> **WHAT IS NEEDED**: Using the listing below, please print exactly the lines from the one with "Boys and girls" through the one with "God Gives His". Leave out every picture.

> **RECORD EXTRACTS**:
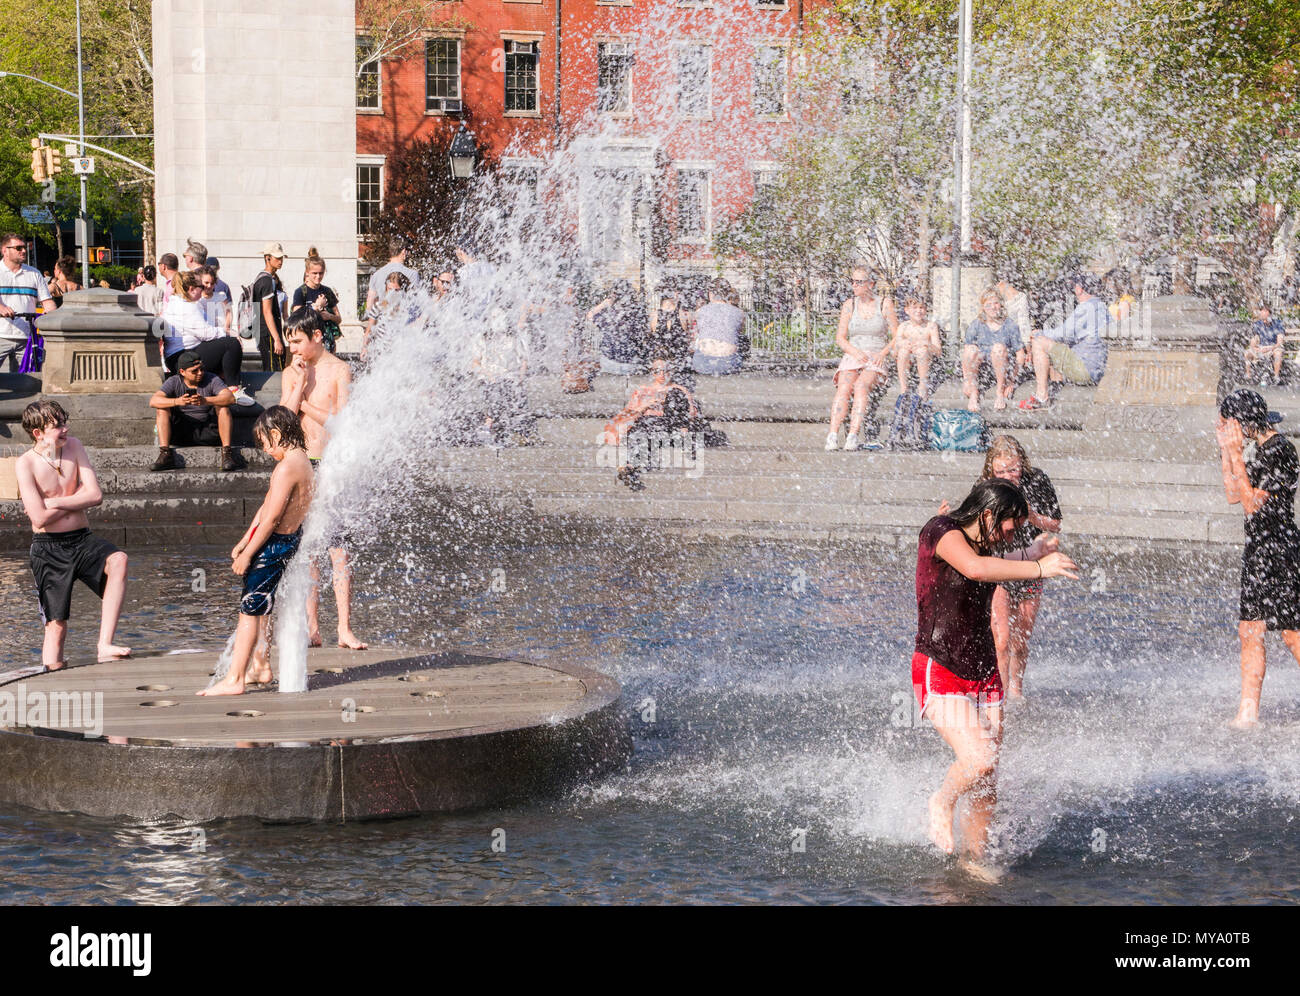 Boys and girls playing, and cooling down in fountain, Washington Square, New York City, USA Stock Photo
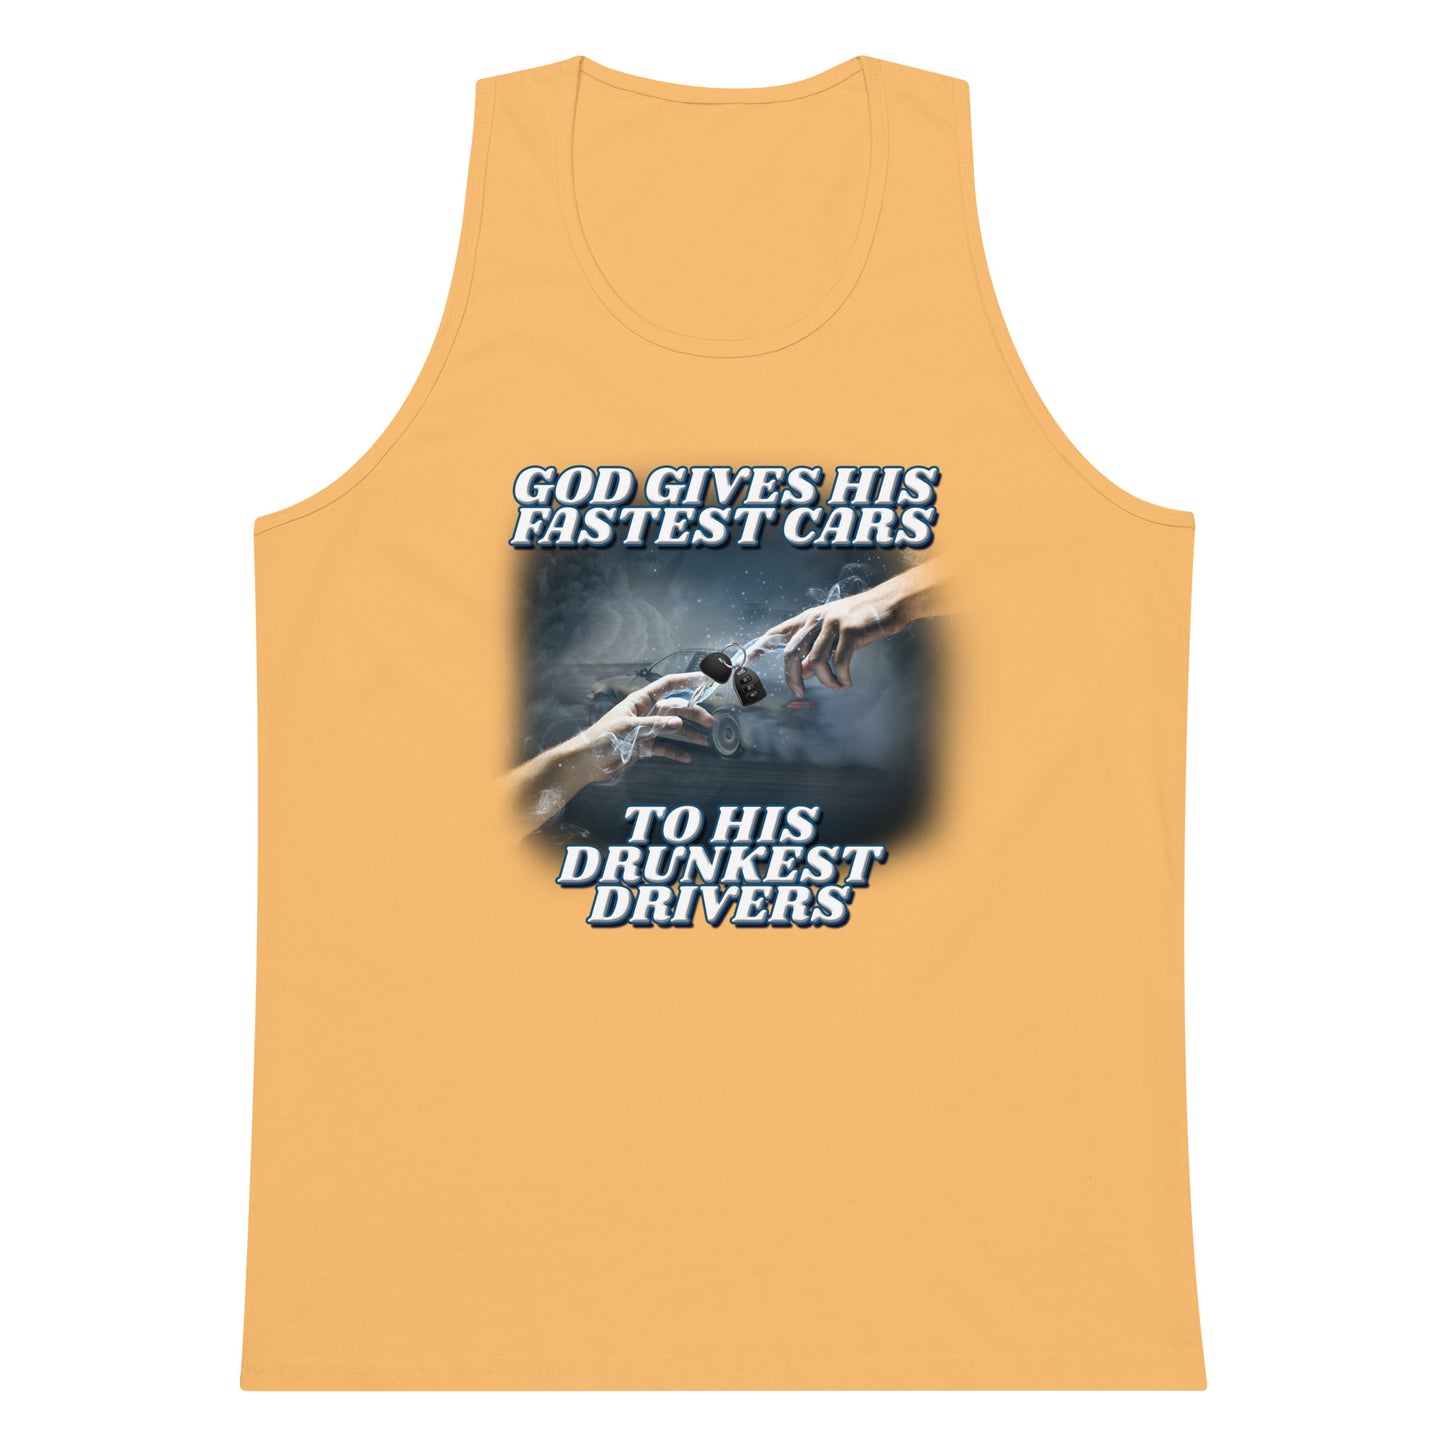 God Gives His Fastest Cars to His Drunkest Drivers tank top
--
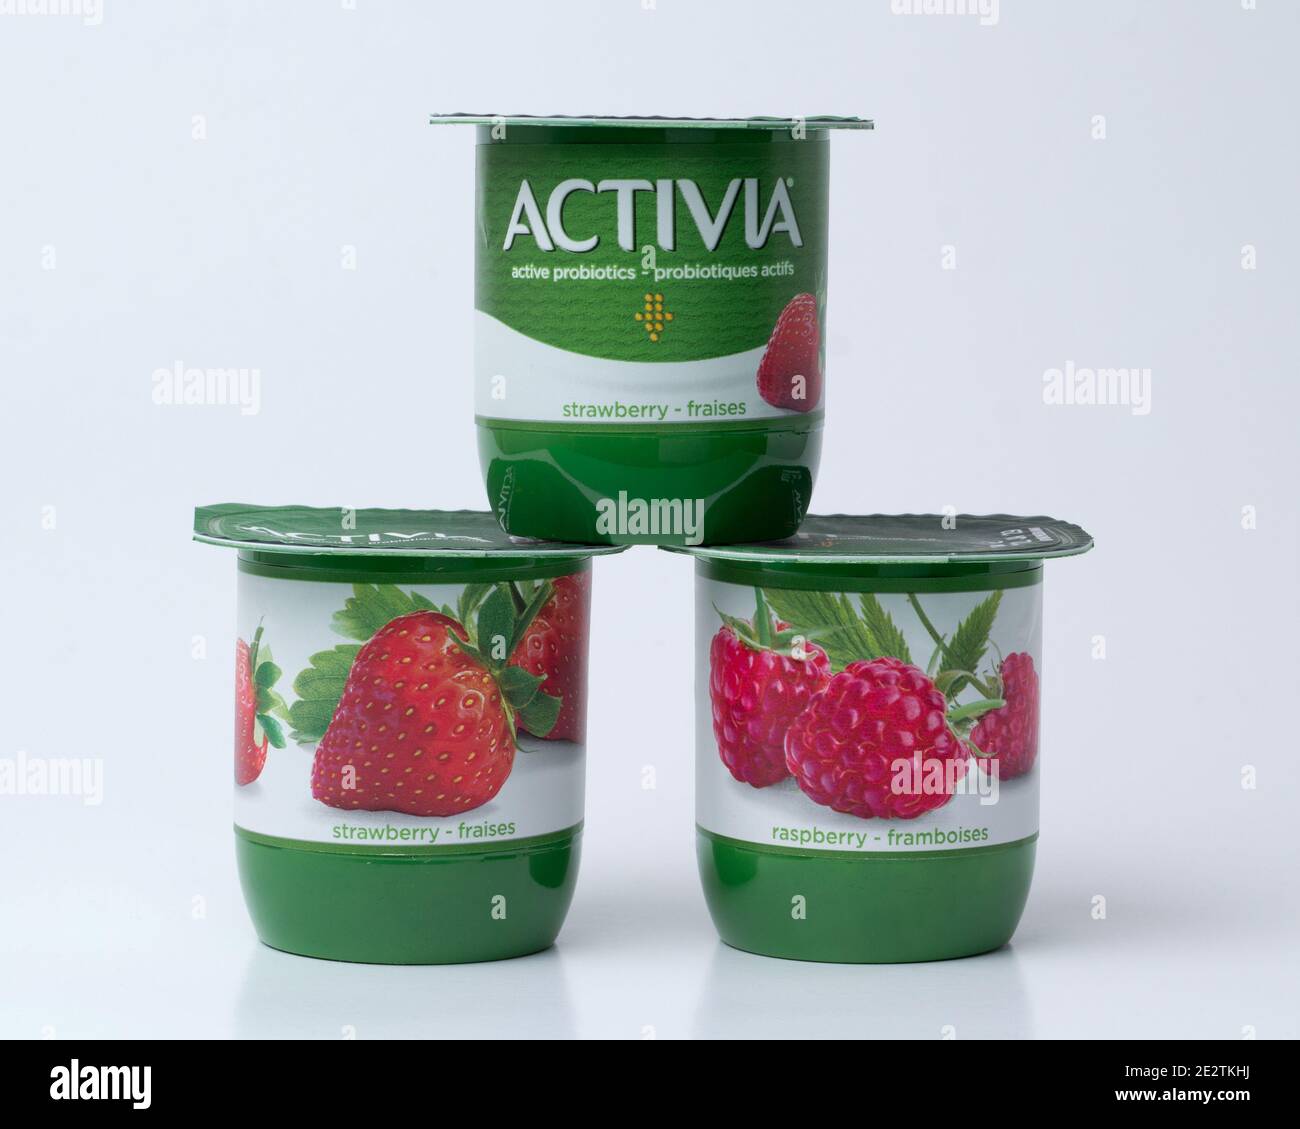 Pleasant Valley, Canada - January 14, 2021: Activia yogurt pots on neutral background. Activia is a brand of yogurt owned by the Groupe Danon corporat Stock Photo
---
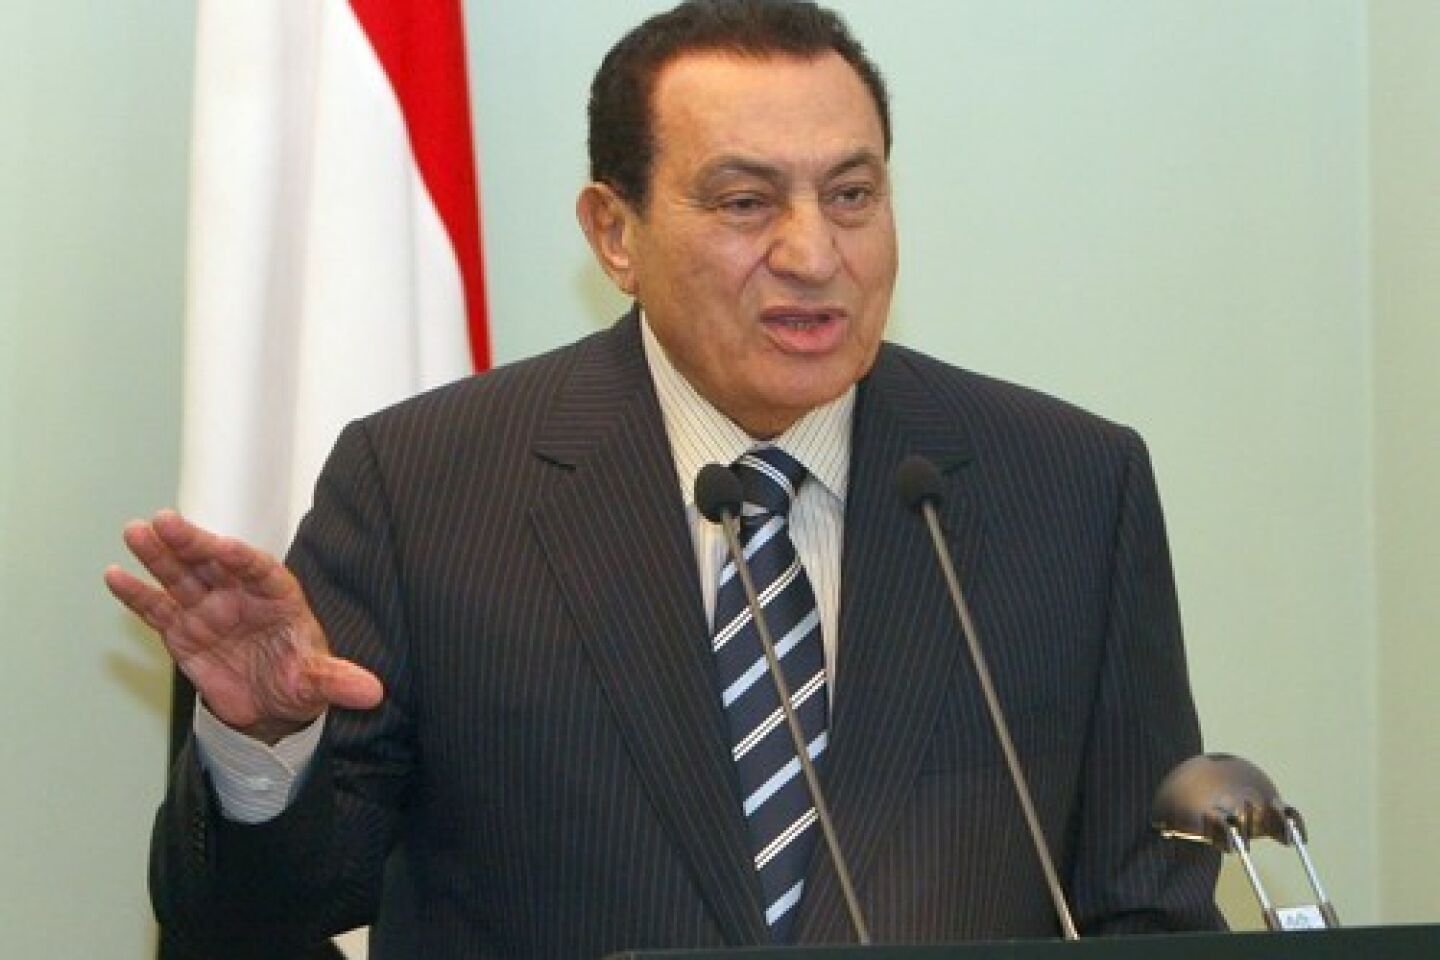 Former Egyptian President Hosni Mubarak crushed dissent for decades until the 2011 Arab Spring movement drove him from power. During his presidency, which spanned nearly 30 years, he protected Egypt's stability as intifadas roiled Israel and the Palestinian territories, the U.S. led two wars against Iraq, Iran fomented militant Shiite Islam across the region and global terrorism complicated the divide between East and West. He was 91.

> **RESPONSE BELOW**:
 Boys and girls playing, and cooling down in fountain, Washington Square, New York City, USA Stock Photo
 God Gives His Fastest Cars to His Drunkest Drivers tank top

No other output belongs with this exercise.